I contacted a few local farms here and they absolutely refused to even consider donating, or allowing me to pay a lower fee for the stalks. What they told me is basically they either sell them themselves or they sell them to local farm markets, who also add in their share, and I can buy from them. I hate NJ! I don't need that many...just enough to make maybe a ten foot "Children of the Corn" scene. I may have to change that scene, because I'm not spending the kind of money they want for dead plants!


----------



## Frighteners Entertainment (Jan 24, 2006)

it sounds like they have a market for the stalks, can't really blame them. It would be different if they we just shredding them into the field.


----------



## debbie5 (Mar 2, 2007)

Patti-I passed by a whole mess of those bamboo-ish things Allen mentioned today...they really DO look corn-ish. They are usually in swampier soil or culverts next to the road. I plan on digging out my rubber boots & bug spray & lopping them off. I forgot that next to the YMCA parking lot is a field full of 6-8 foot high thistle plants, too. I could use those for my haunt...I don't want some kid falling into them at the dance..I would laugh too hard while getting out my 1st Aid kit...


----------



## pumpking (Aug 30, 2011)

Here in Mississippi, we have what we call river cane. it looks like corn stalks though we mostly make fishing poles out of it. you could use the thcker bottom half.


----------



## lewlew (Mar 15, 2006)

Be careful with the bamboo. Make sure you know whether it is an invasive species or not. You don't want to be spreading it around if it is. Call your local conservation office to check on the species of plant and whether it can be moved and when it is in seed.

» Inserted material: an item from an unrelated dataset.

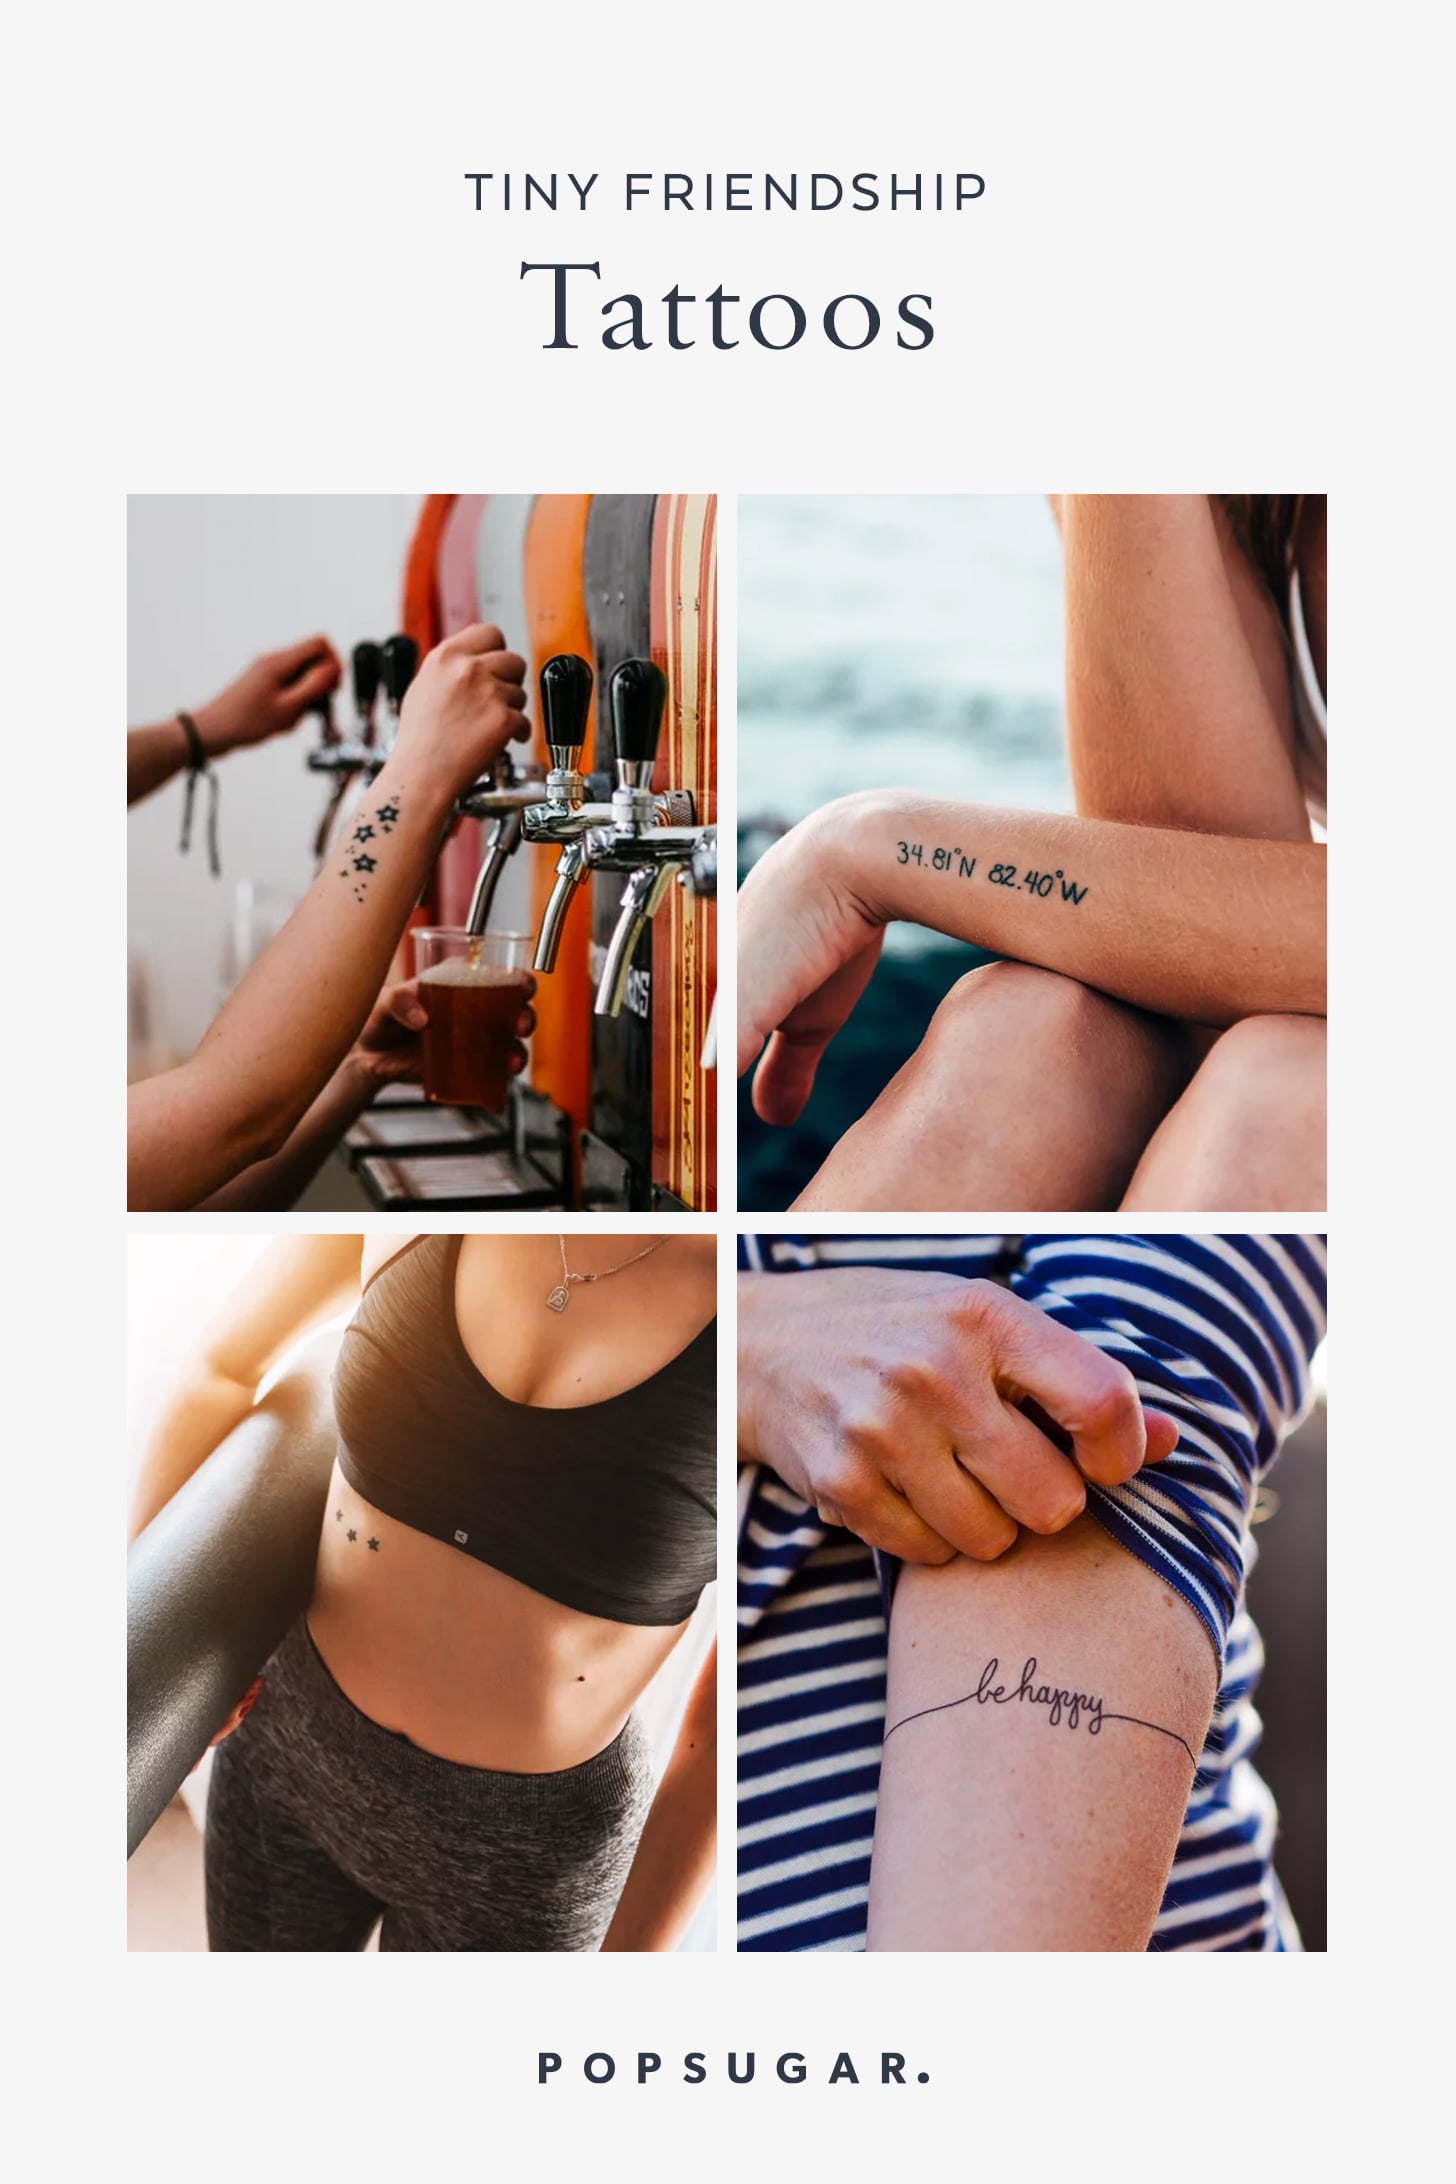 50 Tiny Friendship Tattoos To Get With Your Best Friend Popsugar Beauty

None of the bamboo species we have are native to the area and some are VERY agressive in taking an area over.


----------



## trishaanne (Aug 20, 2005)

I'm close to the river, and last year I went and got a bunch of river weeds to mix in with the corn stalks I had to buy. At night, it really was hard to tell the difference, so I'll probably do that again this year. I'll be down there anyway, picking some of the different weeds to bring home and spray paint for our centerpieces for the party. I figure I have to try them now and see if they'll work or not.


----------



## Haunted Spider (Sep 6, 2010)

Sorry about the luck you are having trishanne, 

Are you asking farmers for corn that are sweet corn or hog corn? Sweet corn stalks are usually sold at farmers markets where as the hog farmers have fields and fields of corn that they plow into the field. There is no way they are picking all of the stalks and bringing them to market. 

Hope it works out for you.


----------



## dusty588 (Oct 8, 2006)

MrGrimm said:


> I too will need quite a few this year, but the local farmers market is selling them from anywhere between 4$ to 8$ each!
> 
> I guess I'll have to pull off a midnight run like trishaanne


I am looking for some as well. I emailed one of the corn mazes around here and they said they would have some in the next week or two, $5 for 15-20 stalks.


----------



## debbie5 (Mar 2, 2007)

Corn is so easy to grow...might be worth it to plant some for next year. The prices you guys are quoting are nuts.


----------



## debbie5 (Mar 2, 2007)

Okay..it's a dreary day and I did some shopping around. Most cornstalks are $5 for about 10 stalks. But I found a farmer who has them for $3!! Now, if I can just call said farmer & get him to give me a wholesale price...YAY! Now all I need is a few warty pumpkins for under five bucks each and I'm good.


----------